Description of problem: We have automation to install OpenShift on OpenStack in a repeatable way. The recent 3.10 install completes successfully. On the attempt to scale to 250 nodes our install gets stuck on the approval step and I see several hundred Pending certificate signing request (csr)s. The scaleup operation ran until about 161 nodes and eventually failed to approve nodes. The log message was: TASK [Approve bootstrap nodes] ************************************************* task path: /home/cloud-user/openshift-ansible/playbooks/openshift-node/private/join.yml:40 Version-Release number of selected component (if applicable): $ oc version oc v3.10.10 kubernetes v1.10.0+b81c8f8 features: Basic-Auth GSSAPI Kerberos SPNEGO Server https://lb-0.scale-ci.example.com:8443 openshift v3.10.10 kubernetes v1.10.0+b81c8f8 $ git describe v3.10.0-rc.0-115-g1d59617 How reproducible: We can often get this csr problem. Steps to Reproduce: 1. Install OpenStack 2. Install OpenShift on OpenStack 3. Attempt to scale up to 250 nodes and notice the failure to approve nodes. Actual results: The openshift-ansible playbook openshift-ansible/playbooks/openshift-node/scaleup.yml fails with the following error: TASK [Approve bootstrap nodes] ************************************************* task path: /home/cloud-user/openshift-ansible/playbooks/openshift-node/private/join.yml:40 Tuesday 03 July 2018 12:56:29 -0400 (0:00:00.179) 0:08:23.501 ********** fatal: [master-1.scale-ci.example.com]: FAILED! => {"changed": true, "finished": false, "msg": "Timed out accepting certificate signing requests. Failing as requested. When I went to the cluster I saw just over 500 csrs in "Pending" state. root@master-1: /home/openshift # oc get csr --all-namespaces | grep Pending | wc -l 507 Expected results: I expected the scale up to succeed. Additional info: I will attach the logs in further comments.

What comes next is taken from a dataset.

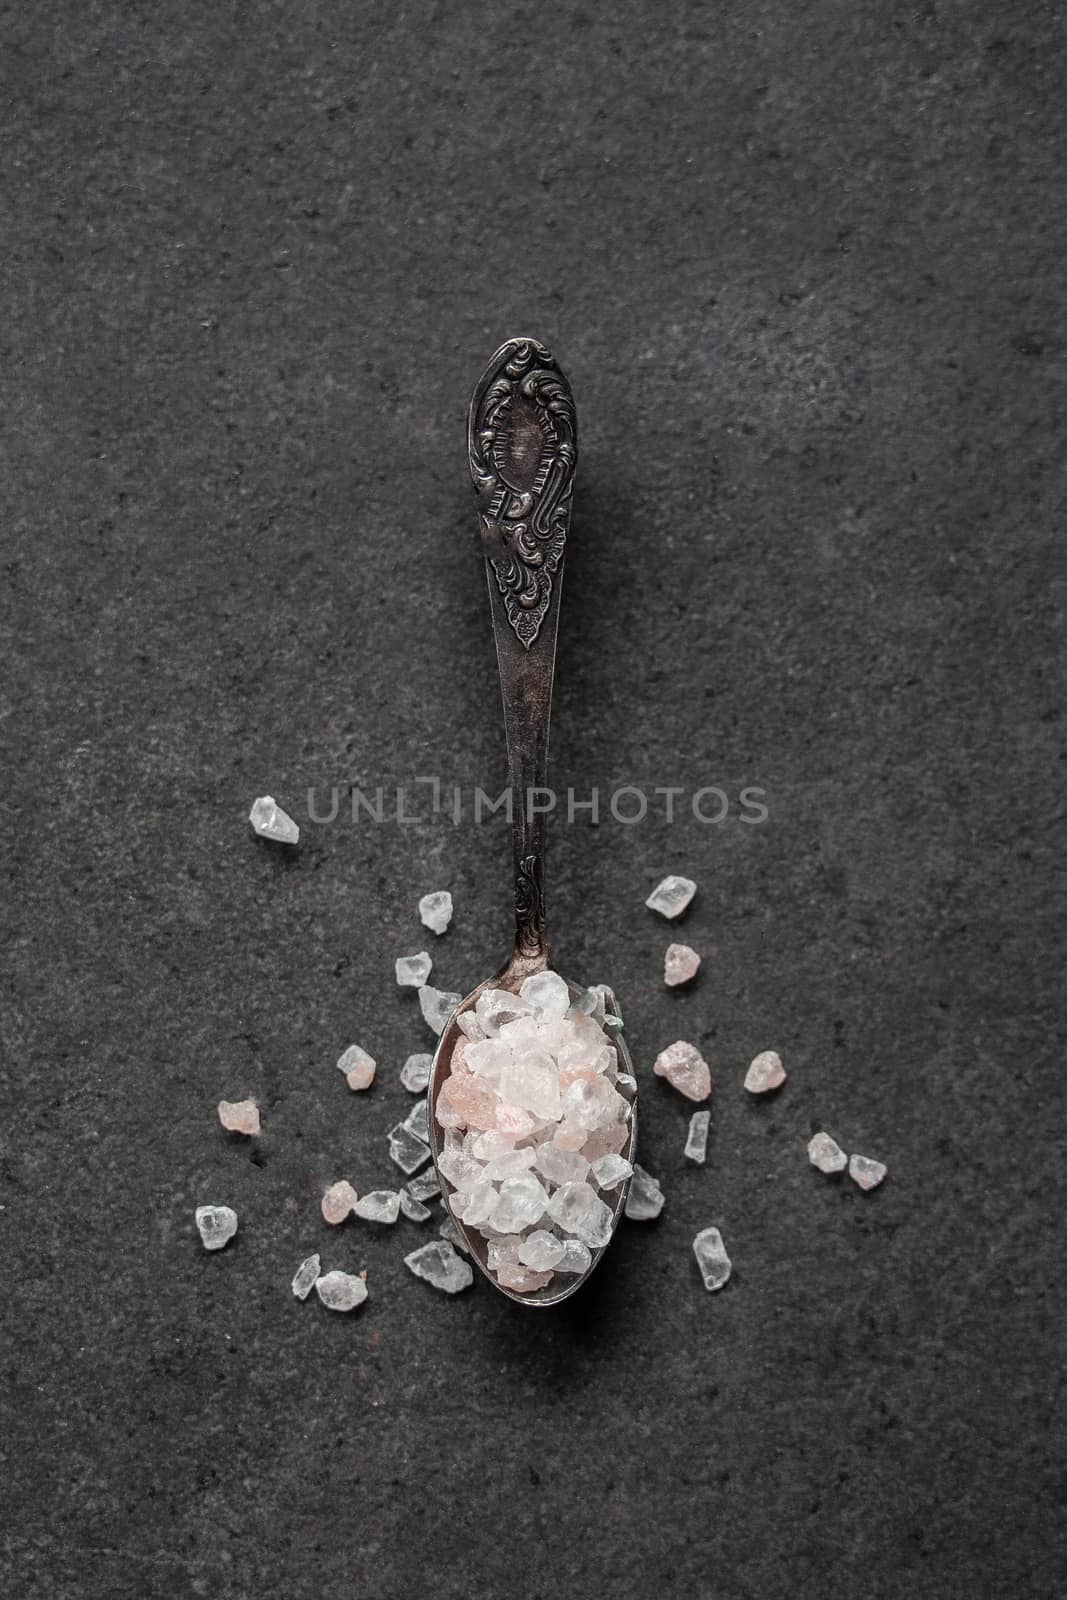 Spoon with Himalayan salt on a black table by Opikanets

*** Bug 1597904 has been marked as a duplicate of this bug. ***
*** Bug 1597871 has been marked as a duplicate of this bug. ***
Scott, is the fix for the bug? https://github.com/openshift/openshift-ansible/pull/9079 As stated before I was unable to reproduce the issue with openshift-ansible-3.10.12-1.git.264.fa89aae.el7.noarch.rpm. I'm still not sure what the issue was.
I encountered this problem again on the build dated 06-29 there were over 400 certificate signing requests (csrs) in pending state when the scale up to 250 nodes was run. I was able to catch this before the playbook timed out and manually approve the Pending requests, but I believe this playbook would have failed had I let it run. $ git describe v3.10.0-rc.0-129-g61563cb $ git status # On branch release-3.10 This is still a problem on 3.10 for scaleup.
I retested on both openshift-ansible-3.10.10-1.git.248.0bb6b58.el7.noarch.rpm and openshift-ansible-3.10.14-1.git.273.a64b86b.el7.noarch.rpm. Unfortunately still no luck to reproduce it. I'm assuming the bug should only could be reproduced in a large scale. Matt, I'll appreciate very much if you could help to verify it. (suggest to test it in openshift-ansible-3.10.15-1 or later which has the fix of comment 4)
Created attachment 1457563 [details] The log file for an 8 node scaleup. I scaled from 242 to 249 (only 8 nodes) and saw the csr problem again today. I watched the 'oc get csr' command and watch all csrs go from Pending to approve but the scale up of this small amount failed.
Comment on attachment 1457564 [details] The log file for an 8 node scaleup. This is the log file from 242 to 249 where we saw the csr problem.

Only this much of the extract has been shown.